Your instructions:
What you return should be the full listing, copied exactly and stripped of its pictures.

Material provided:
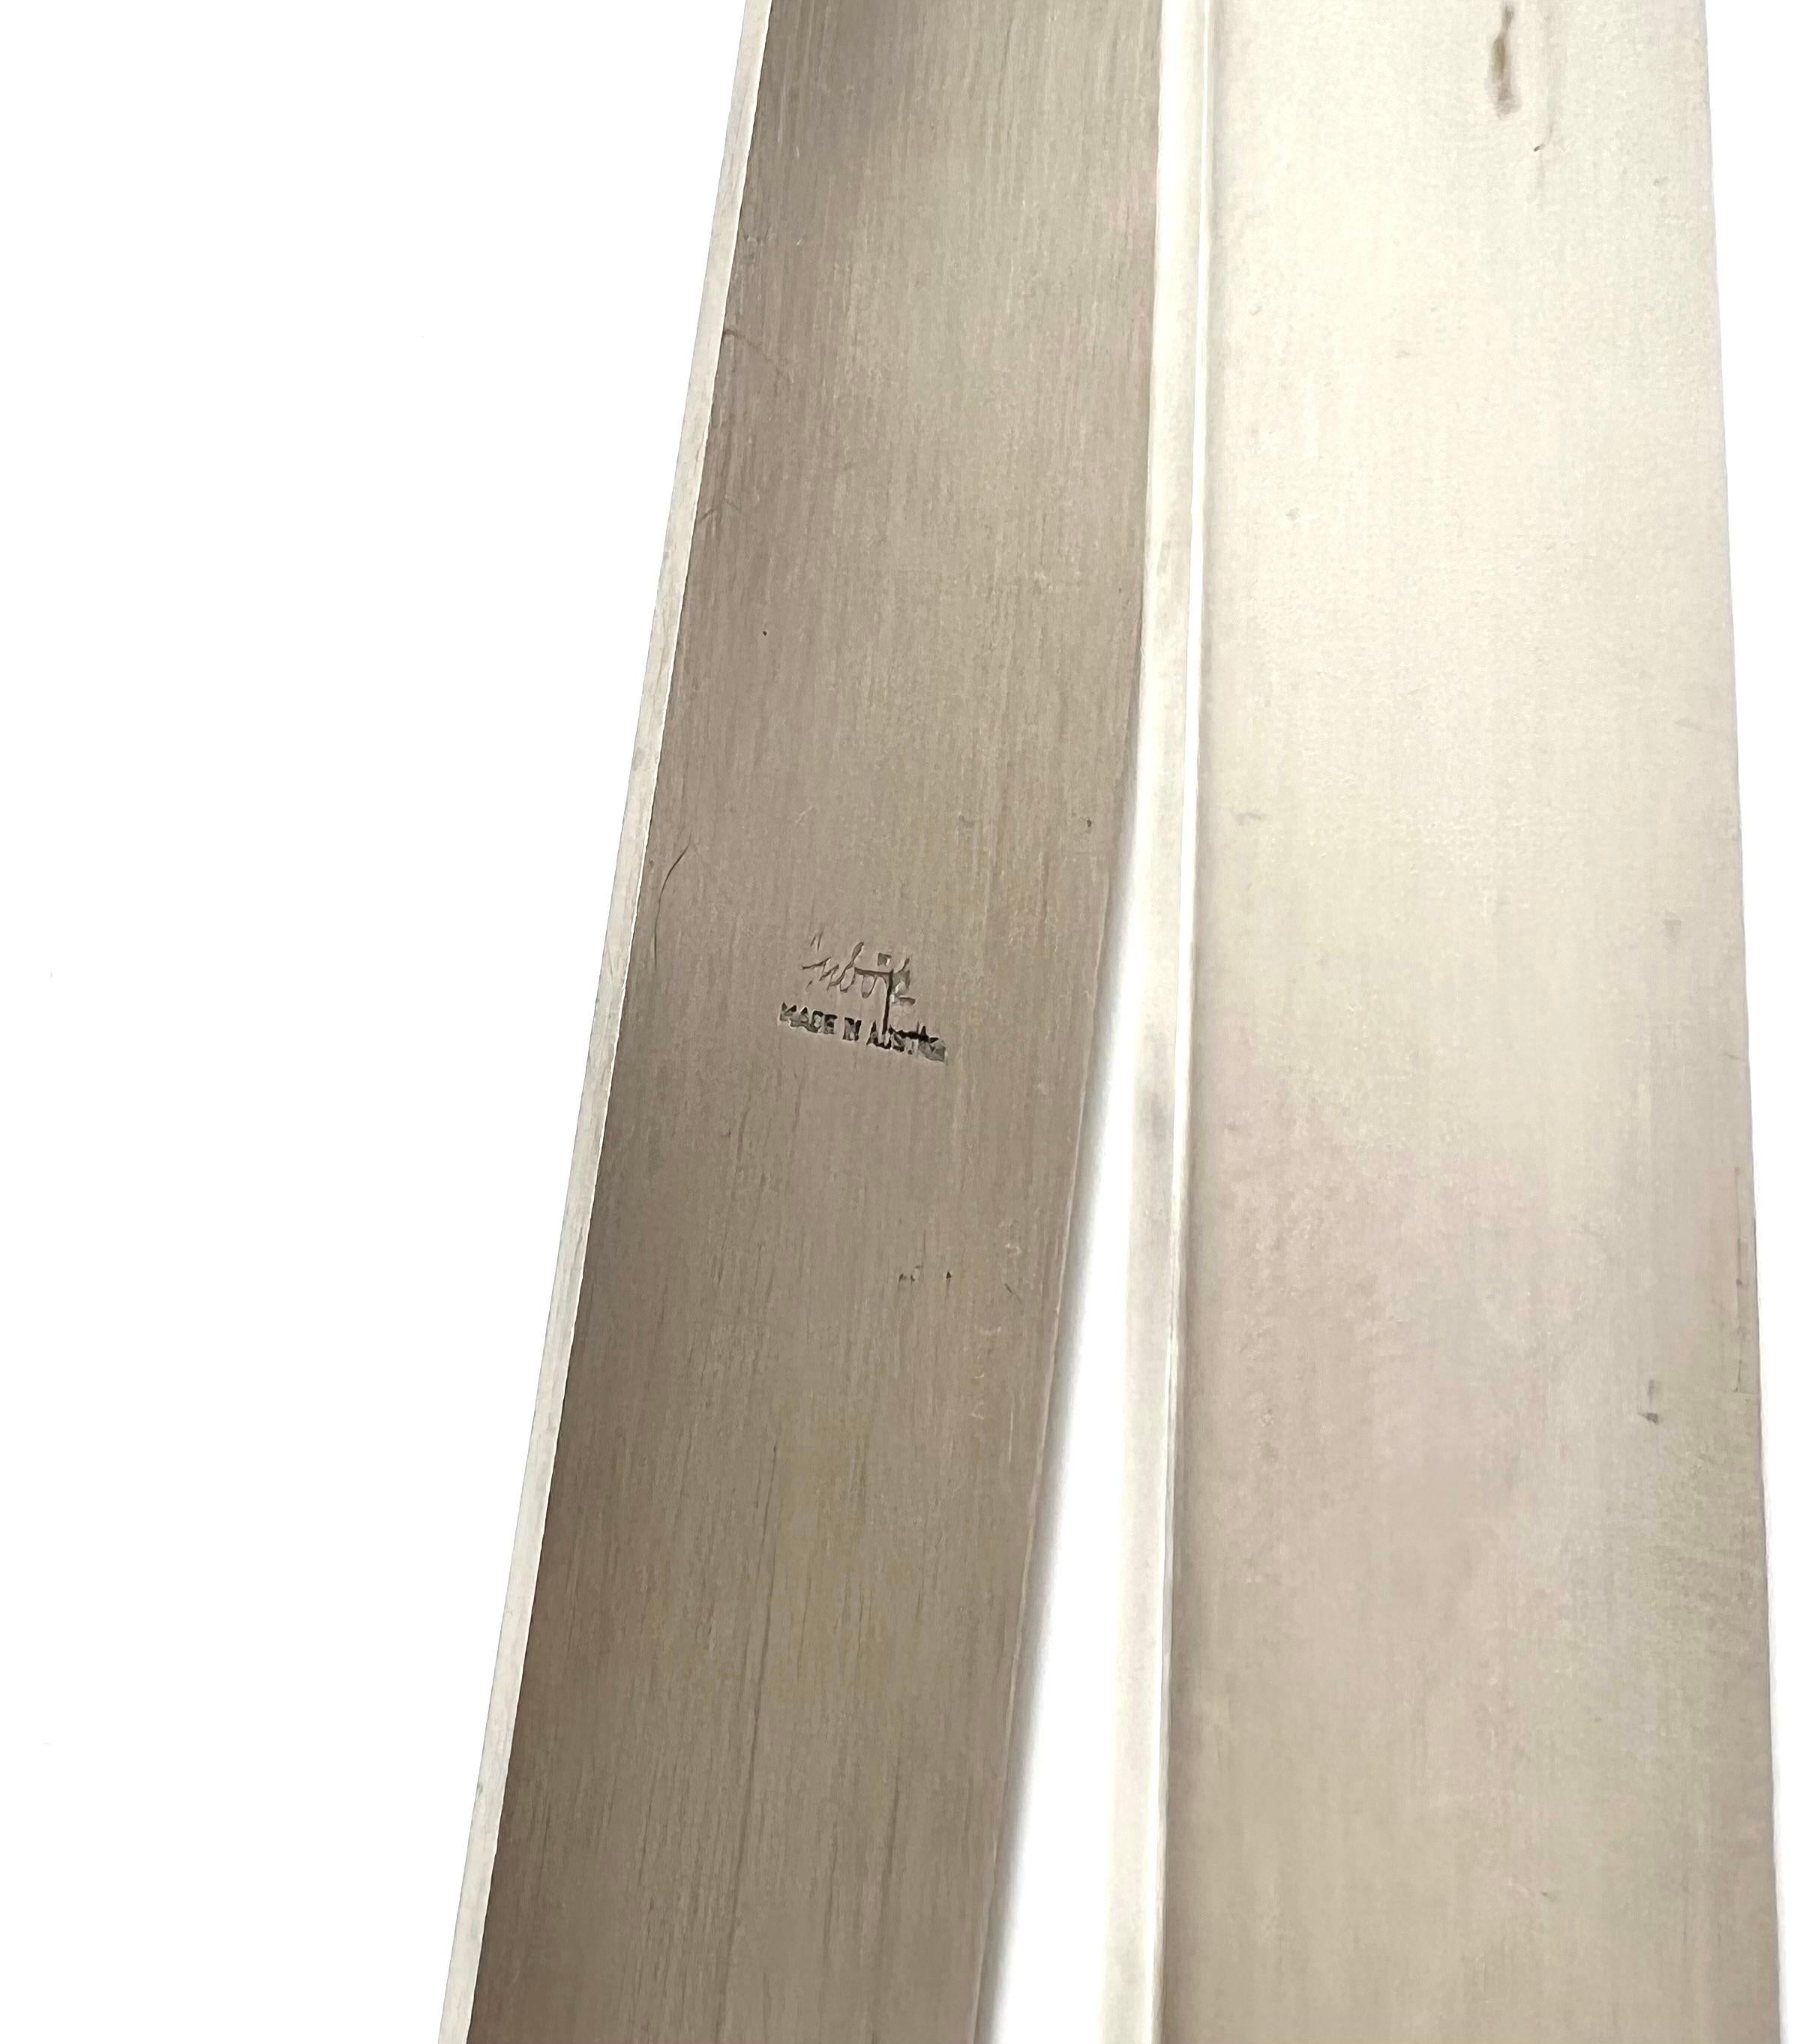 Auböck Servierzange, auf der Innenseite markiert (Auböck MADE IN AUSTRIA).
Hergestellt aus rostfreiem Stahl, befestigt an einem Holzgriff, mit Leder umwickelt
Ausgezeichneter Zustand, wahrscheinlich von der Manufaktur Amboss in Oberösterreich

The answer:
 Auböck Servierzange, auf der Innenseite markiert (Auböck MADE IN AUSTRIA).
Hergestellt aus rostfreiem Stahl, befestigt an einem Holzgriff, mit Leder umwickelt
Ausgezeichneter Zustand, wahrscheinlich von der Manufaktur Amboss in Oberösterreich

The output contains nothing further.